REDAffectiveLM: Leveraging Affect Enriched Embedding and Transformer-based Neural Language Model for Readers' Emotion Detection
Anoop Kadan, Deepak P., Manjary P. Gangan, Savitha Sam Abraham, Lajish V. L
TL;DR
This work addresses Readers' Emotion Detection for short-text news by proposing REDAffectiveLM, a dual-network model that fuses context-aware transformer representations (XLNet) with affect-enriched embeddings (emoGloVe) learned via counter-fitting. The architecture jointly leverages affective word representations and contextual signals to predict reader emotion profiles through multi-target regression on three datasets (SemEval-2007, RENh-4k, REN-20k). Empirical results show statistically significant improvements over a wide range of baselines, supported by qualitative and quantitative analyses of affect enrichment via attention mechanisms.
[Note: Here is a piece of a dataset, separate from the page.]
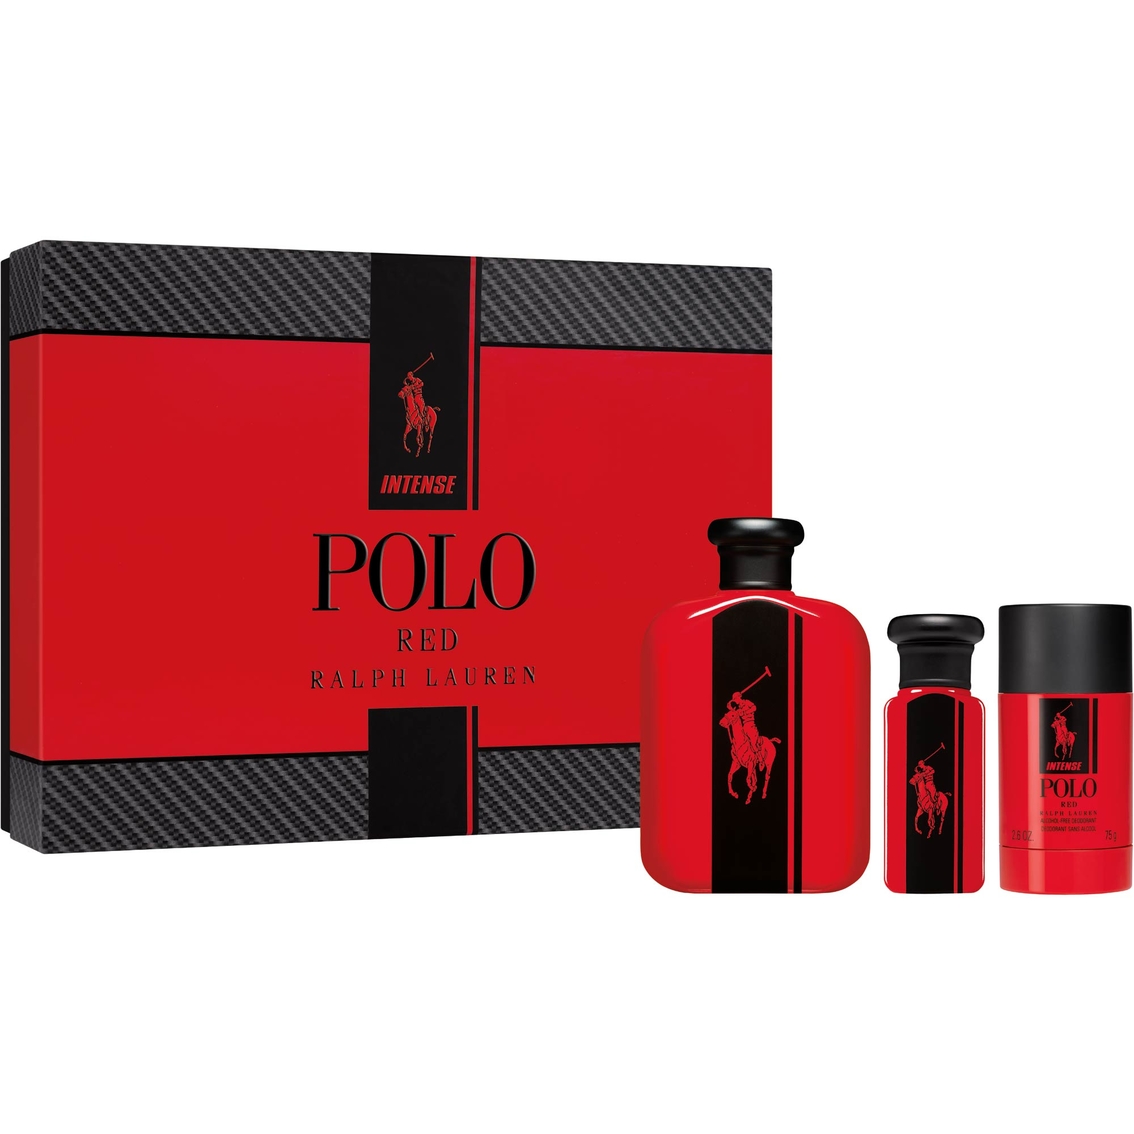 polo gift sets
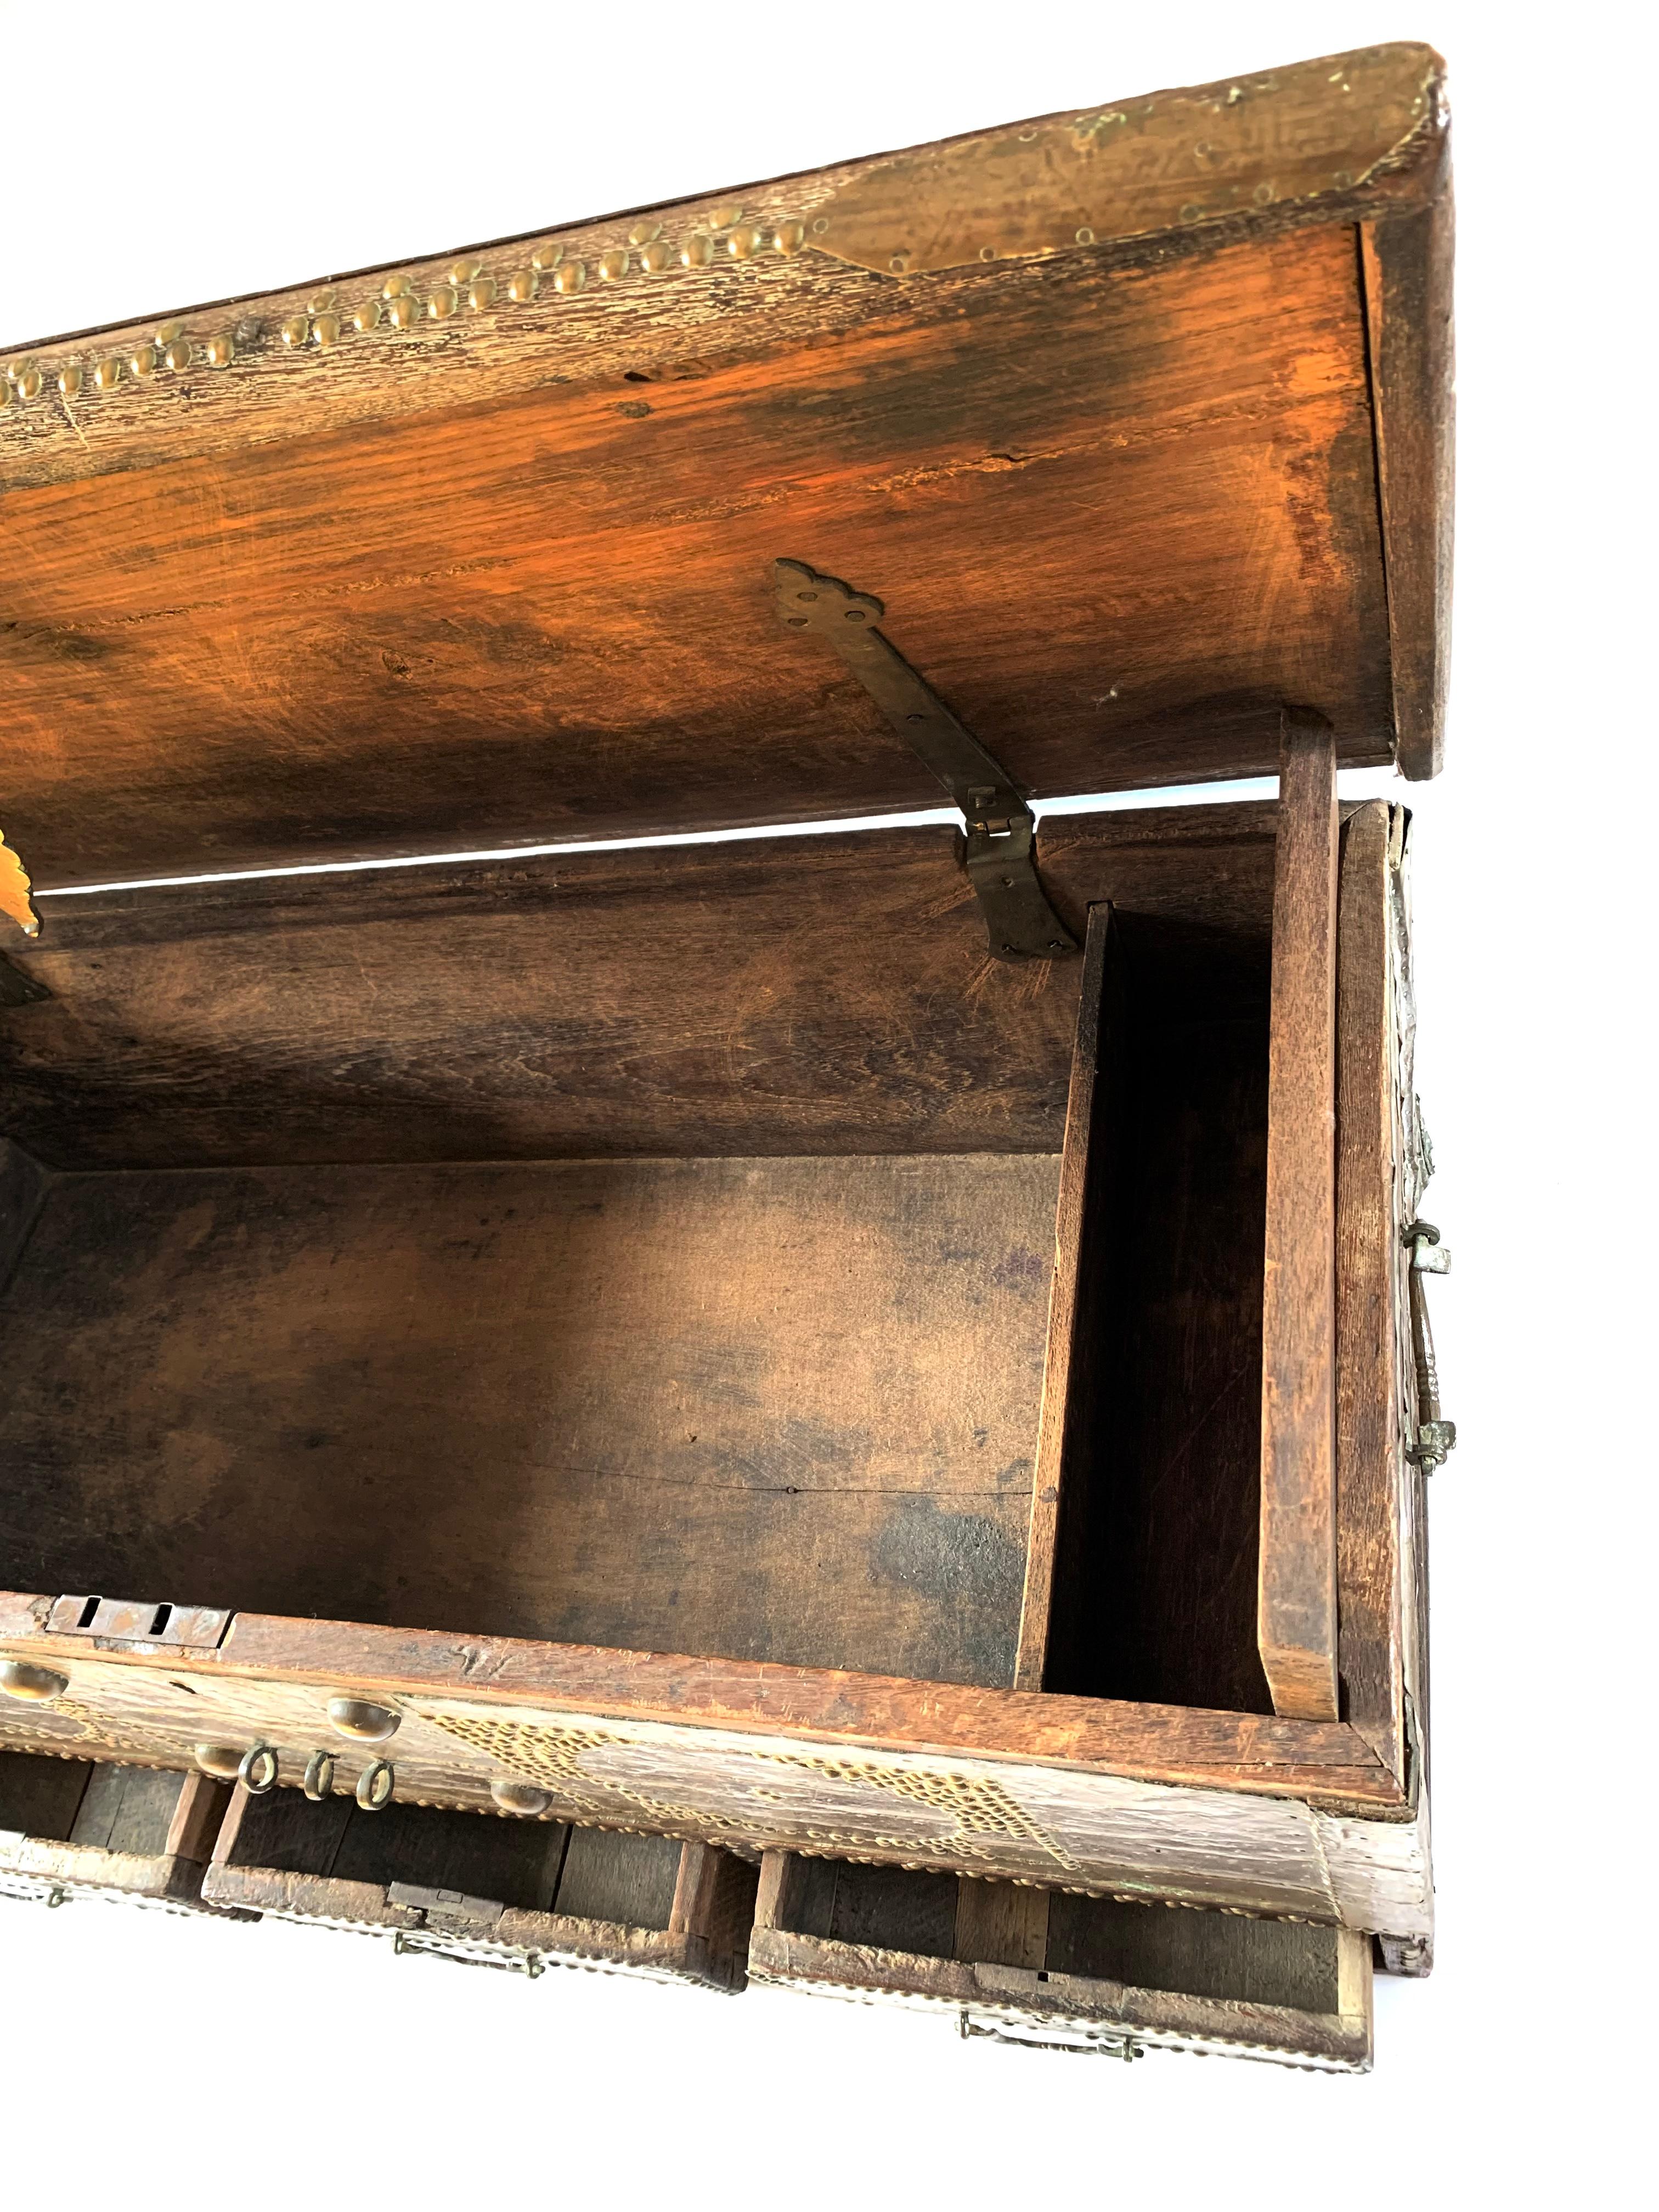 Eine seltene Sansibar-Truhe aus der Mitte des 19. Jahrhunderts, ausgestattet mit Bronzeblech und Messingnieten in einem atemberaubenden Design auf der Vorderseite, den Seiten und der Oberseite. Mitgifttruhen haben eine gut dokumentierte Geschichte

The approach advances affective computing in reader-oriented tasks and provides resources (REN-20k and code) to enable further research and practical emotion-aware systems.
Abstract
Technological advancements in web platforms allow people to express and share emotions towards textual write-ups written and shared by others. This brings about different interesting domains for analysis; emotion expressed by the writer and emotion elicited from the readers. In this paper, we propose a novel approach for Readers' Emotion Detection from short-text documents using a deep learning model called REDAffectiveLM. Within state-of-the-art NLP tasks, it is well understood that utilizing context-specific representations from transformer-based pre-trained language models helps achieve improved performance. Within this affective computing task, we explore how incorporating affective information can further enhance performance. Towards this, we leverage context-specific and affect enriched representations by using a transformer-based pre-trained language model in tandem with affect enriched Bi-LSTM+Attention. For empirical evaluation, we procure a new dataset REN-20k, besides using RENh-4k and SemEval-2007. We evaluate the performance of our REDAffectiveLM rigorously across these datasets, against a vast set of state-of-the-art baselines, where our model consistently outperforms baselines and obtains statistically significant results. Our results establish that utilizing affect enriched representation along with context-specific representation within a neural architecture can considerably enhance readers' emotion detection. Since the impact of affect enrichment specifically in readers' emotion detection isn't well explored, we conduct a detailed analysis over affect enriched Bi-LSTM+Attention using qualitative and quantitative model behavior evaluation techniques. We observe that compared to conventional semantic embedding, affect enriched embedding increases ability of the network to effectively identify and assign weightage to key terms responsible for readers' emotion detection.